You're making weird assumptions about my priorities. I am discussing this topic with you, so this topic is at the forefront of my discussion. This in no way means that it's at the forefront of my enjoyment. The package is a small positive thing that can be sacrificed if by sacrificing it you gain a larger positive thing. What I'm against is sacrificing it to gain either nothing or a one-time small thrill. I really don't care almost at all about how well the game matches up to 'what an Elf is *really* like' or the Star Trek universe or reality or whatever. Internal consistency with facts already established within the realm of play seems like it should just be a basic tenant of how to run an enjoyable game, though, even if the only consistent element is inconsistency.
Callan S.:
In saying my post I'm thinking of a group of players who are there to try a new game - like it is when you try a new board game or card game. I have a few reasons for this, but regardless that's where I'm coming from. Your 'you should meet them half way' thing seems to be talking about players who are not there to try a new game.
Quote
Removing the ability to plan just cuts out entirely a form of challenge, and while it does make other aspects of the game more difficult there are many many many other ways to set an enjoyable difficulty without removing entire blocks of challenge.

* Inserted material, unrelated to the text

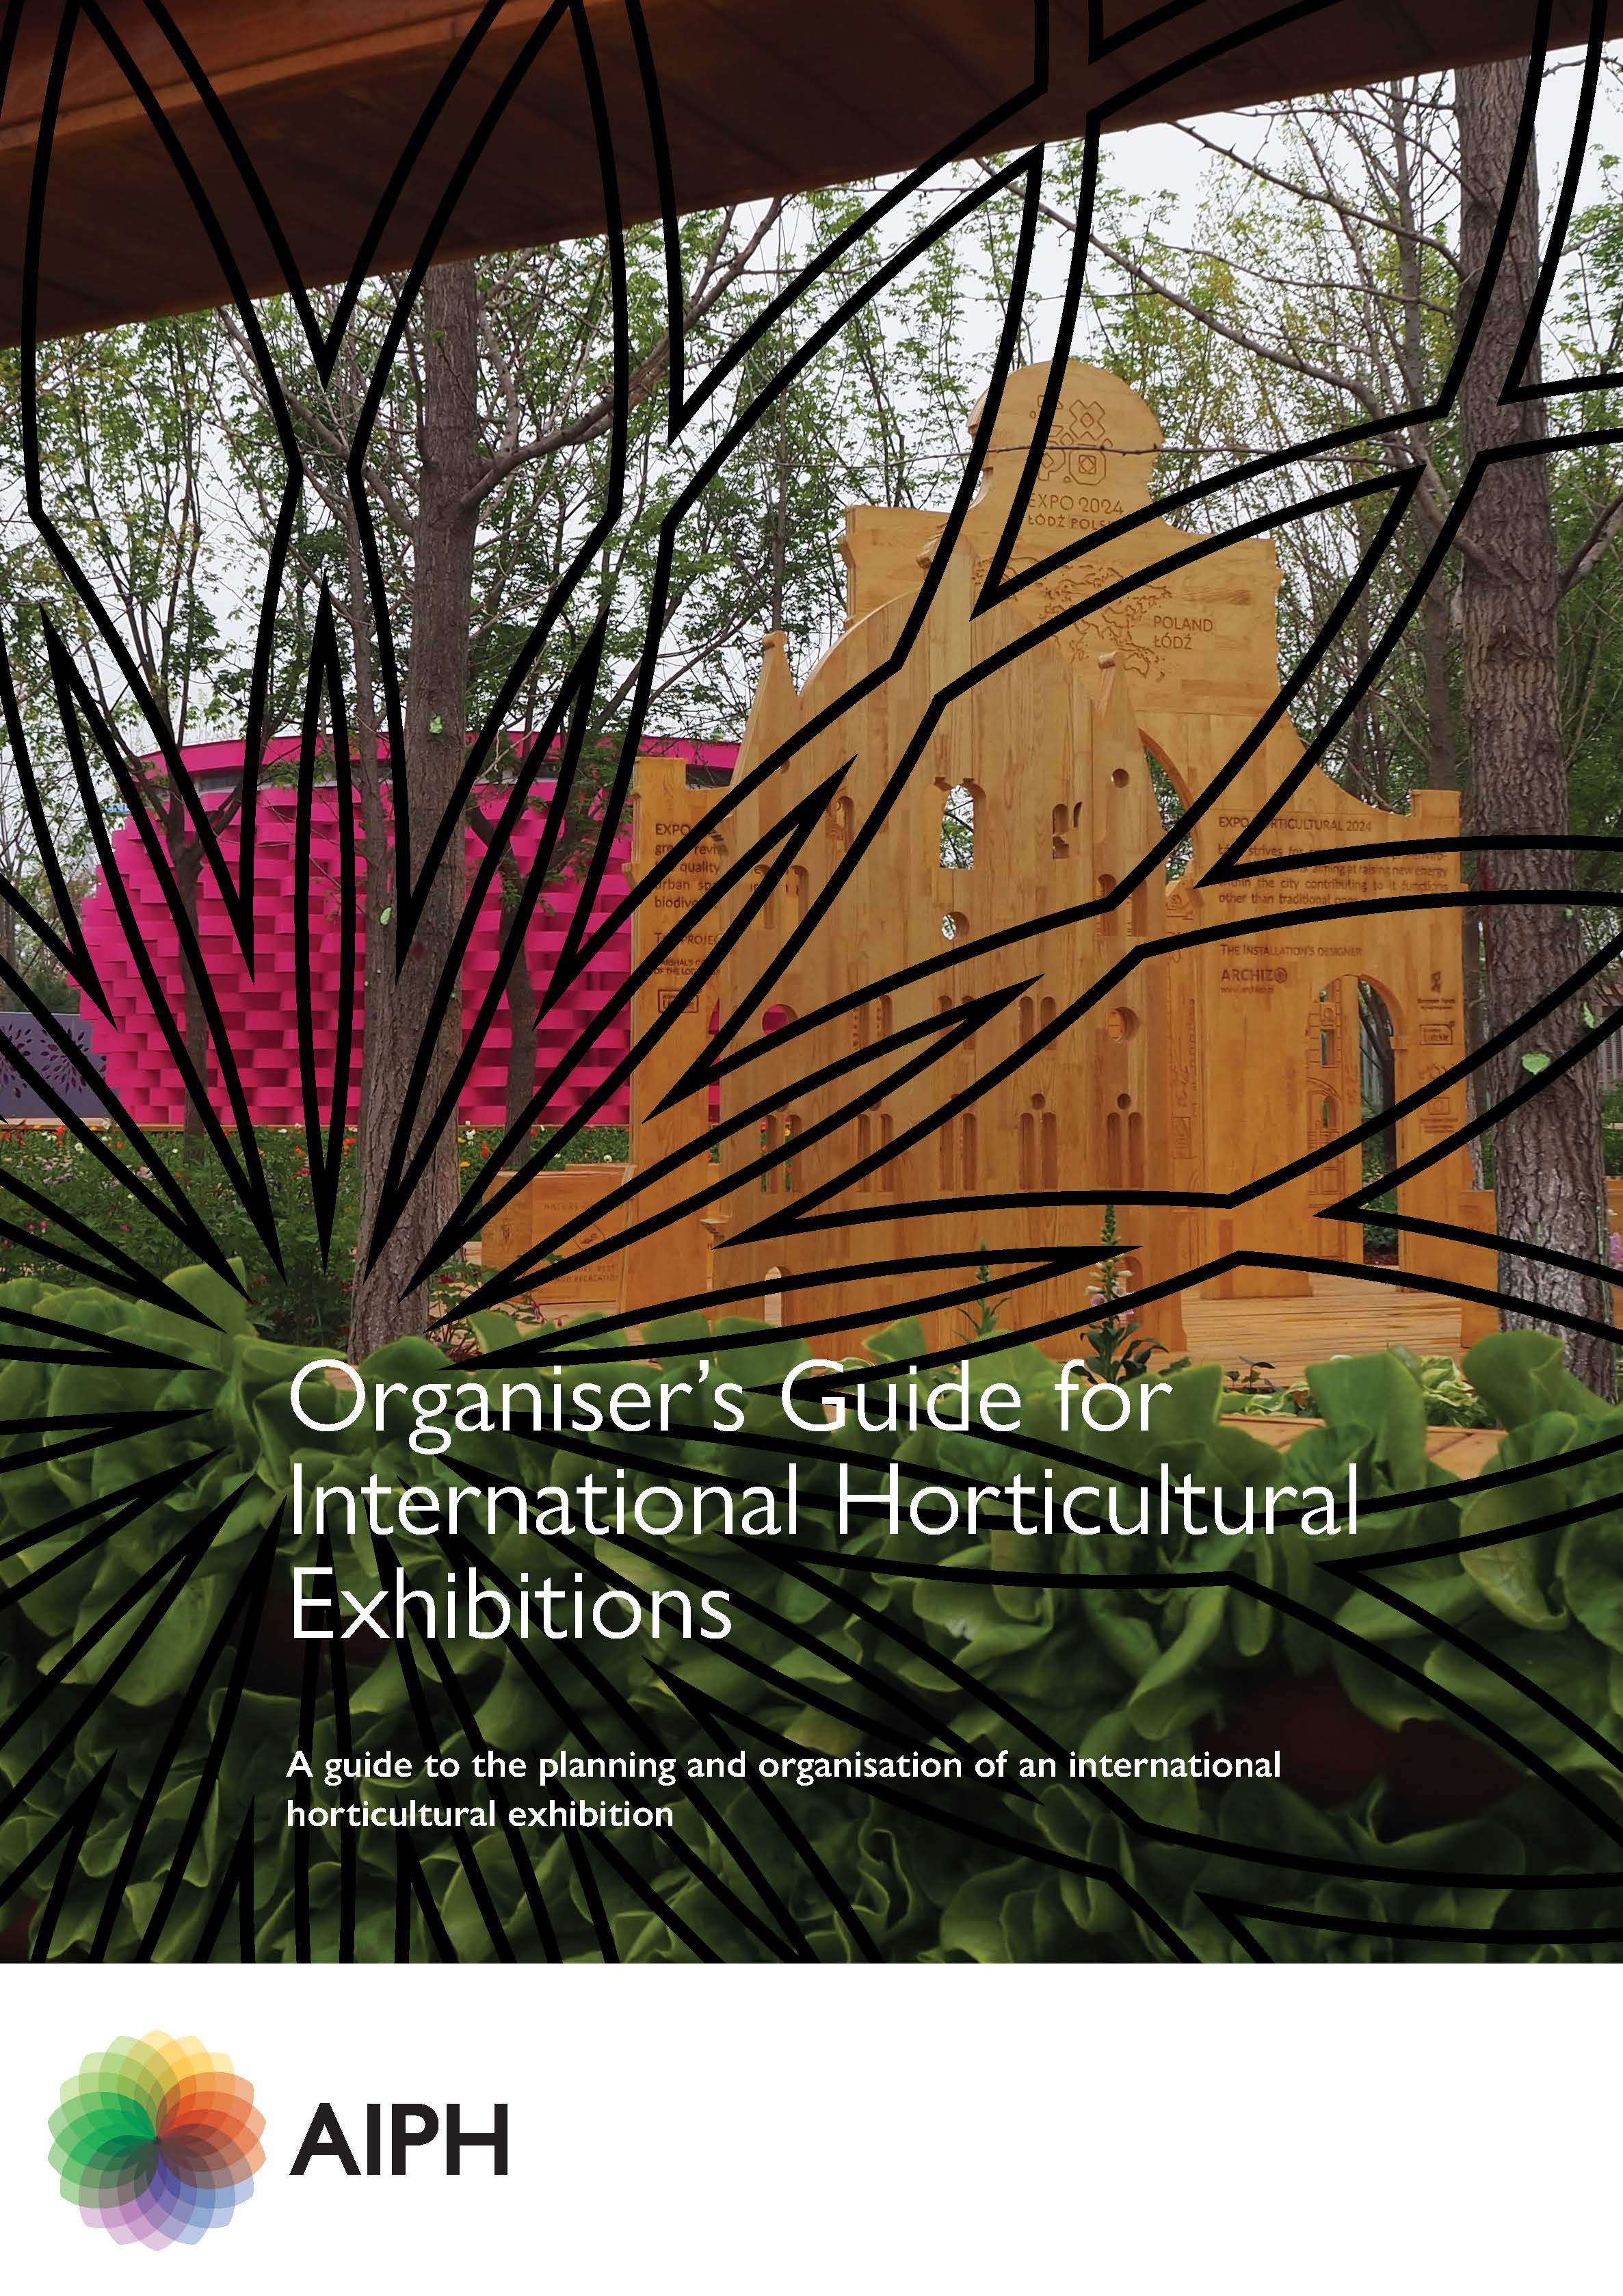 International Horticultural Exhibitions International Association of

Equally being able to knock out/tie up the gnolls removes the fox and geese challenge. It's a matter of which challenge, as designer, you decide on having. Mind you, if players are all telling you what you should have but then insisting they aren't being uninvited co-designers, that'd be problematic.
Quote
You're making weird assumptions about my priorities. I am discussing this topic with you, so this topic is at the forefront of my discussion. This in no way means that it's at the forefront of my enjoyment. The package is a small positive thing that can be sacrificed if by sacrificing it you gain a larger positive thing. What I'm against is sacrificing it to gain either nothing or a one-time small thrill.
I don't think I am making weird assumptions - for you clearly any esteem given for solving the puzzle inside the box is less than the small postitive you call the package. You call the esteem a one time small thrill, apparently smaller/less valuable than the positive thing you call the package. And previously you called it "Solve this math problem to continue" without even a nod to any esteem given for solving it - as if it were only a matter of continuing.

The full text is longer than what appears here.